The college declined to reverse the change, citing the adverse effect of Zoom fatigue on productive educational environments.
“The department is experimenting with a twice a week schedule for three primary reasons: pedagogy, equity, and flexibility,” Whelan wrote in response to the petition on Nov. 3. “We know from experience and student feedback that long Zoom meetings cause fatigue and negatively impact the educational experience for students.”
Kamada also said that holding classes online for four hours would be counterproductive to effective learning.
“We were hearing from experts on teaching and experts on online teaching that this kind of four-hour online class is just not an effective way to deliver instruction—it’s just too taxing, and it’s not efficient,” Kamada said. “All of the pedagogical recommendations that we got were that once-a-week, four-hour Zooms are not the best way to deliver education.”
Kamada said the argument that students cannot take more than two classes is moot for the WLP program, since student enrollment typically does not exceed two classes per semester.
“We don’t have a very large number of students who take more than two classes on a regular basis,” Kamada said. “The change didn’t make it impossible for someone to take three classes; they could have taken a Monday, Wednesday, four to six, Monday, Wednesday, six to eight, and Tuesday, Thursday, six to eight. They may not have had their first options of classes, but the schedule was theoretically possible.”
Graduate WLP student Bruce Kilstein said the changes will pose difficulties for him and some of his peers who wish to graduate in the spring.
“Some of them won’t be able to graduate because they won’t be able to take three classes in the semester because the scheduling just won’t work and other people have jobs,” Kilstein said. “Plus there’s this whole thing about not being able to discuss things adequately in that amount of time in each class.”
Pate said the shorter class times would actually hinder productivity, arguing that substantive academic dialogue is not achievable in such brief sessions.
“Meaningful and sustained discussion at the graduate level—with as many as 15 students per class—simply cannot be achieved in blocks of an hour and 40 minutes,” Pate wrote in the petition. “This choice compromises the quality of our education and does not seem to reflect best practices for graduate study in institutions of higher learning.”

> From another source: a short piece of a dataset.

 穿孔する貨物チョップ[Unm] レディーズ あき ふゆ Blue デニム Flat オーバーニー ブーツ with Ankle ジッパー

The college claims Zoom fatigue in students and professors was the reason for the shortened class blocks. Graduate WLP professor Daniel Tobin said he never had a problem with the long Zoom meetings. He said his students are concerned primarily with getting the necessary credits to graduate and the quality of the learning.

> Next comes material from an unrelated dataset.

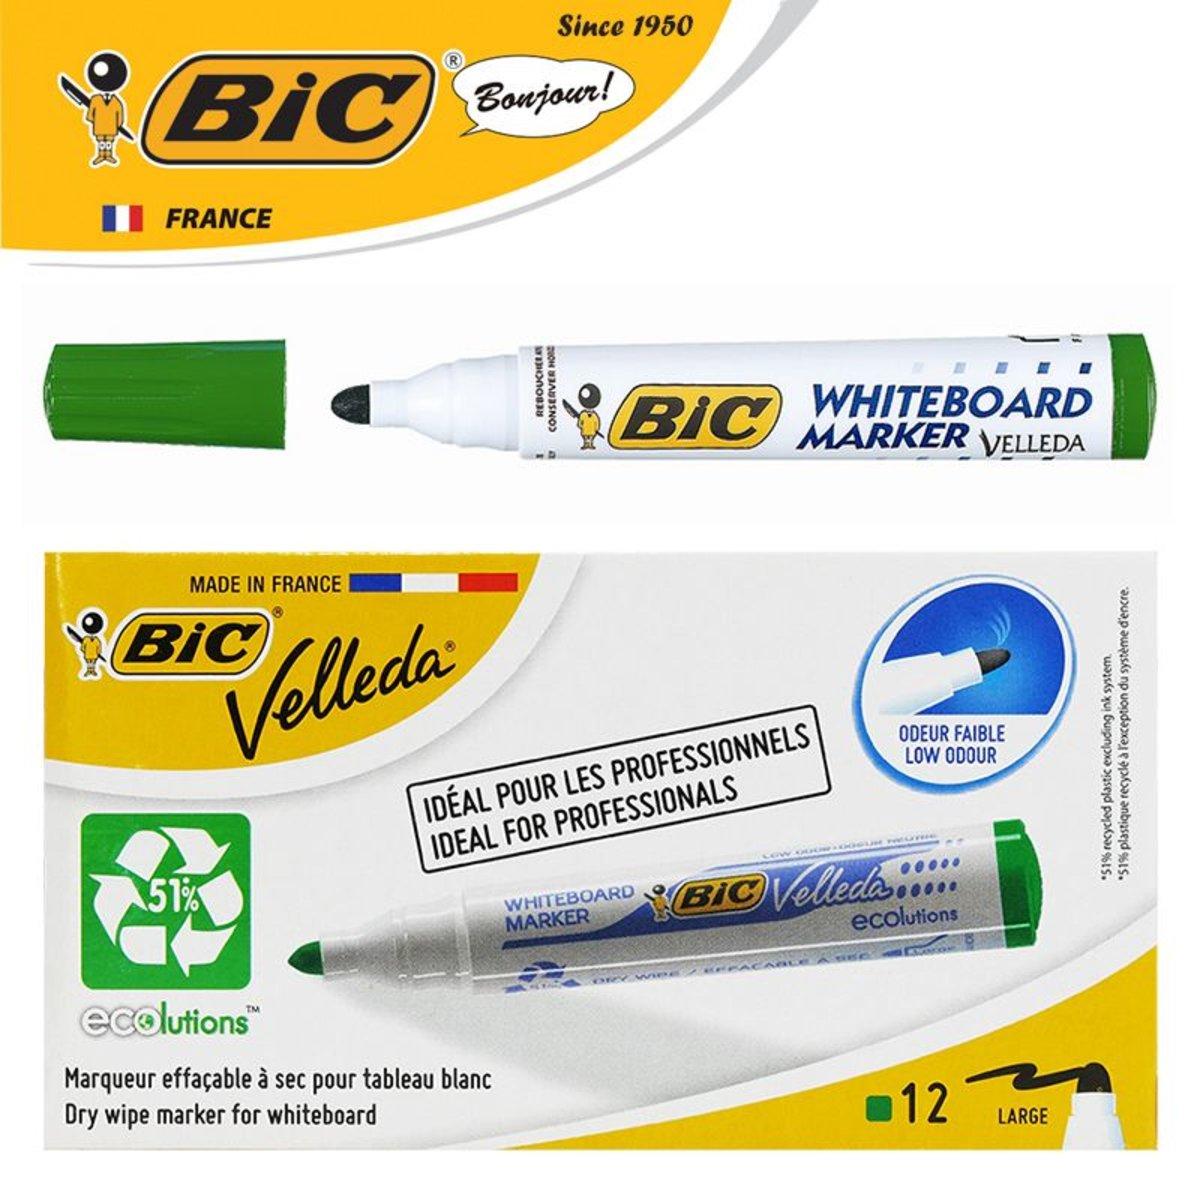 法國BIC VELLEDA 1701 白板筆 - 綠色 (法國製造) | 12支盒裝

“[My students] expressed concerns about not being able to graduate, and they wanted longer classes where you can have longer conversations about the work,” Tobin said.
Kilstein said he also sympathizes with faculty who have had to restructure their syllabi to fit the new schedule.
“It’s also messing up the way the professors have to teach, too, because they have their courses prepared in a certain way, and all of a sudden you have to change this and change all the schedules,” Kilstein said.
Kamada said he acknowledged the burden the changes place on students.
“I understand how this impacts people with children—I have two young kids, there’s no ideal solution,” Kamada said. “This is not a change that we made lightly. We did it because we decided that prioritizing students’ safety was number one while trying to preserve the best possible educational experience for students under these circumstances.”
Kilstein said the college did not consult students or professors before implementing changes to the schedule.
“[Administrators] said, ‘That’s what the students want,’ and the students obviously don’t want that, and nobody asks the students, and apparently nobody asks the professors,” Kilstein said. “So this decision came from somewhere, and nobody’s really sure where.”